-- Dataset extract follows --

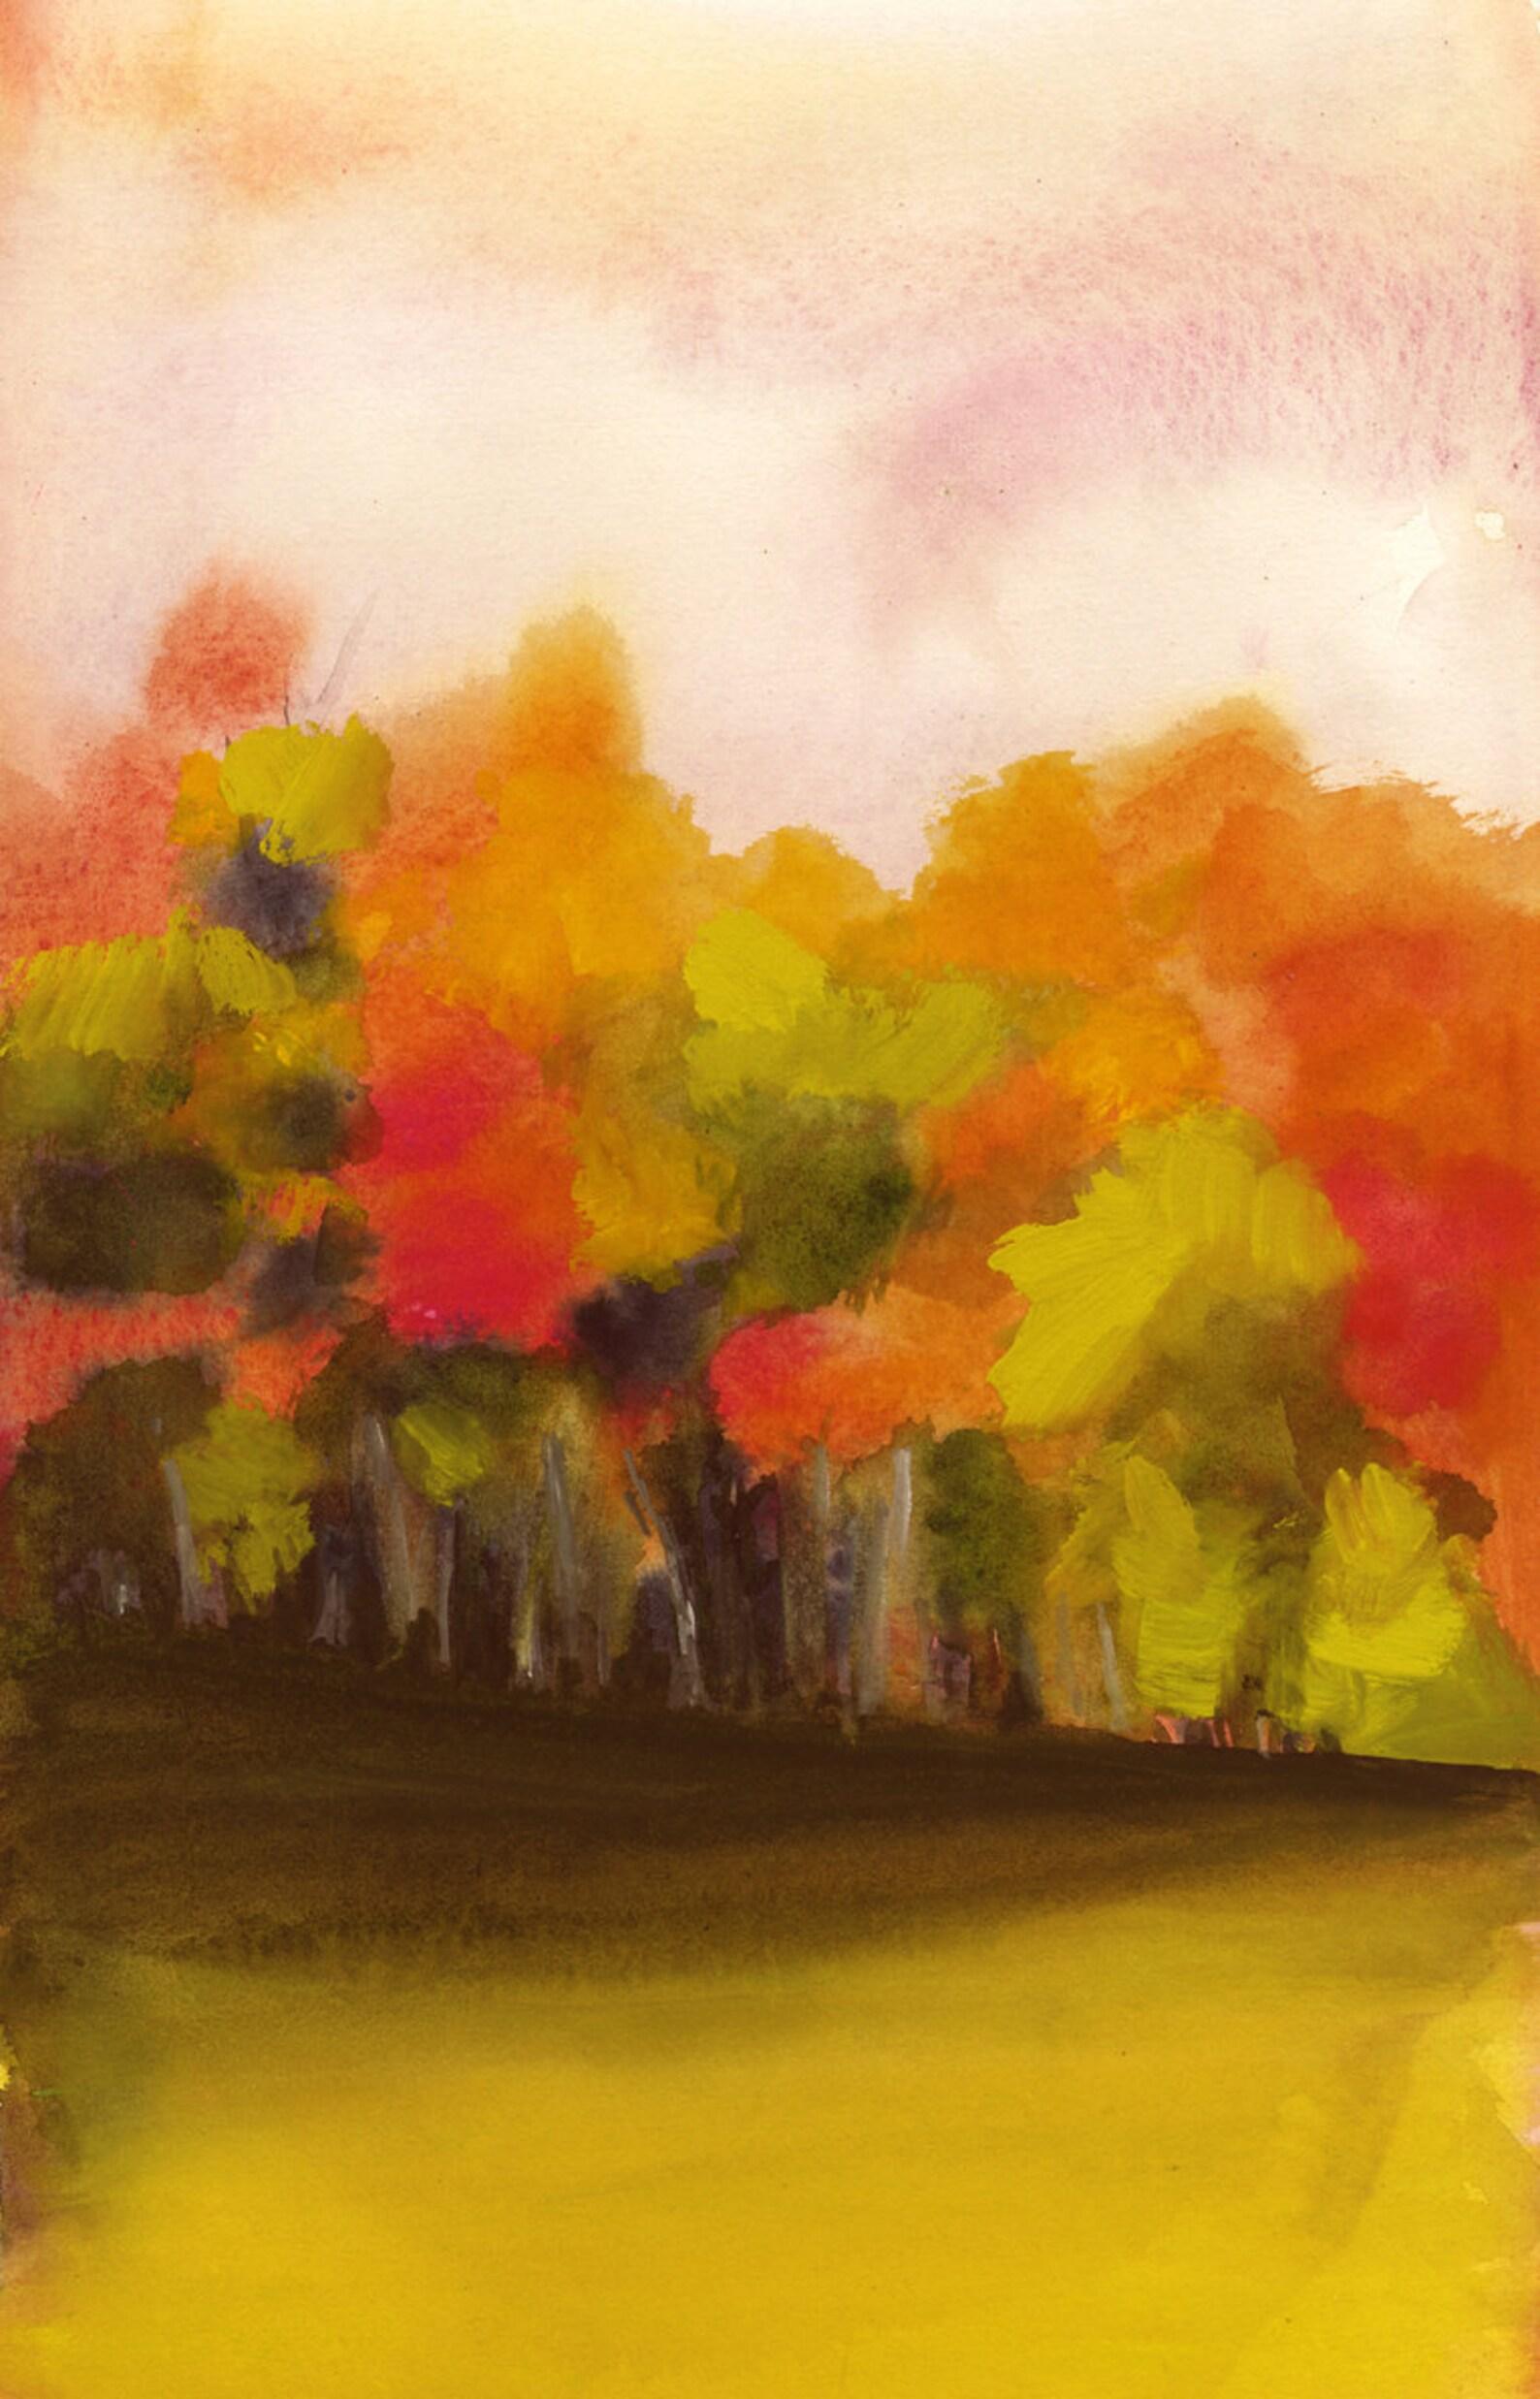 Осень рисунок акварелью по сырому
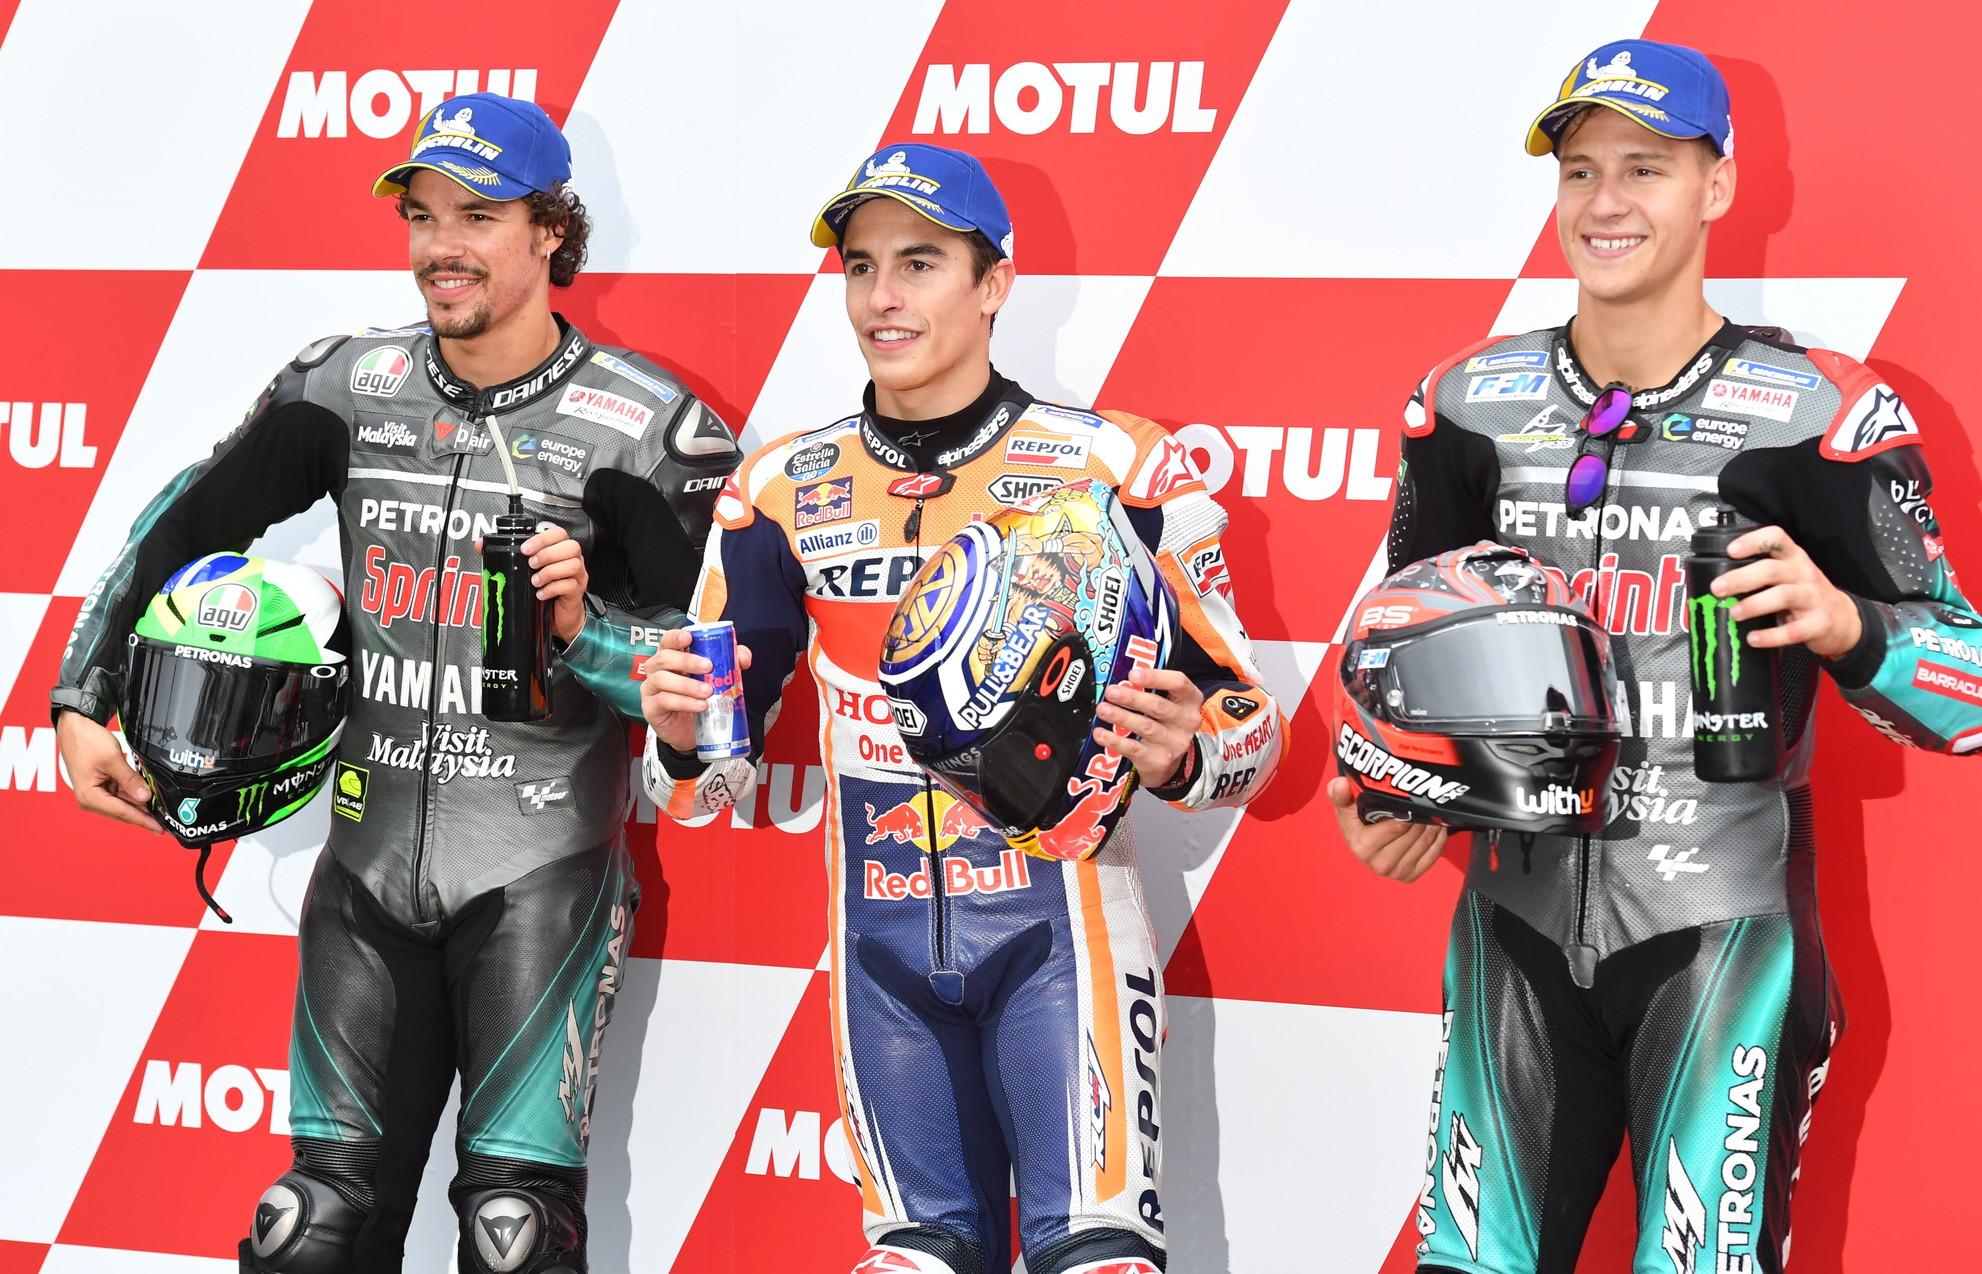 Sfatato il tabù Motegi: lo spagnolo ha conquistato la pole position in tutti i circuiti del Motomondiale
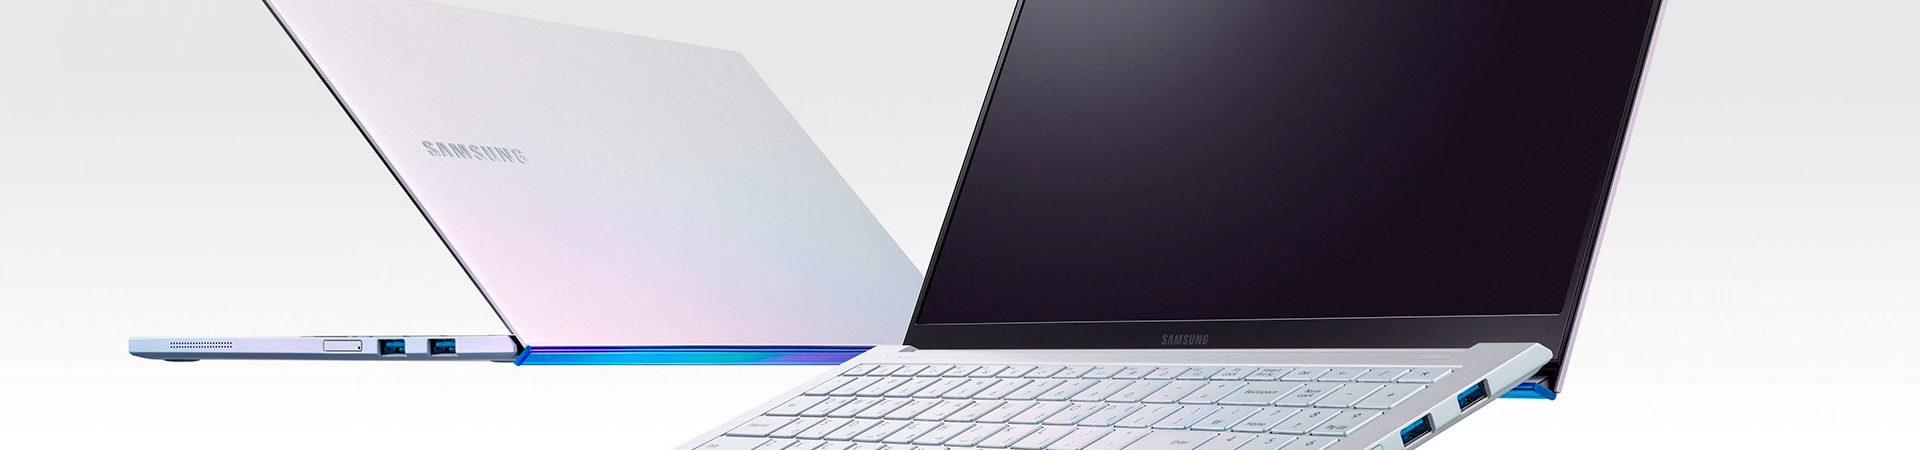 Samsung inicia a produção em massa de telas OLED de 90 Hz para notebooks. Imagem: Samsung/divulgação

-- Dataset extract concluded --

Print the data exactly as written, dropping any images it holds.

 Осень рисунок акварелью по сырому
 Sfatato il tabù Motegi: lo spagnolo ha conquistato la pole position in tutti i circuiti del Motomondiale
 Samsung inicia a produção em massa de telas OLED de 90 Hz para notebooks. Imagem: Samsung/divulgação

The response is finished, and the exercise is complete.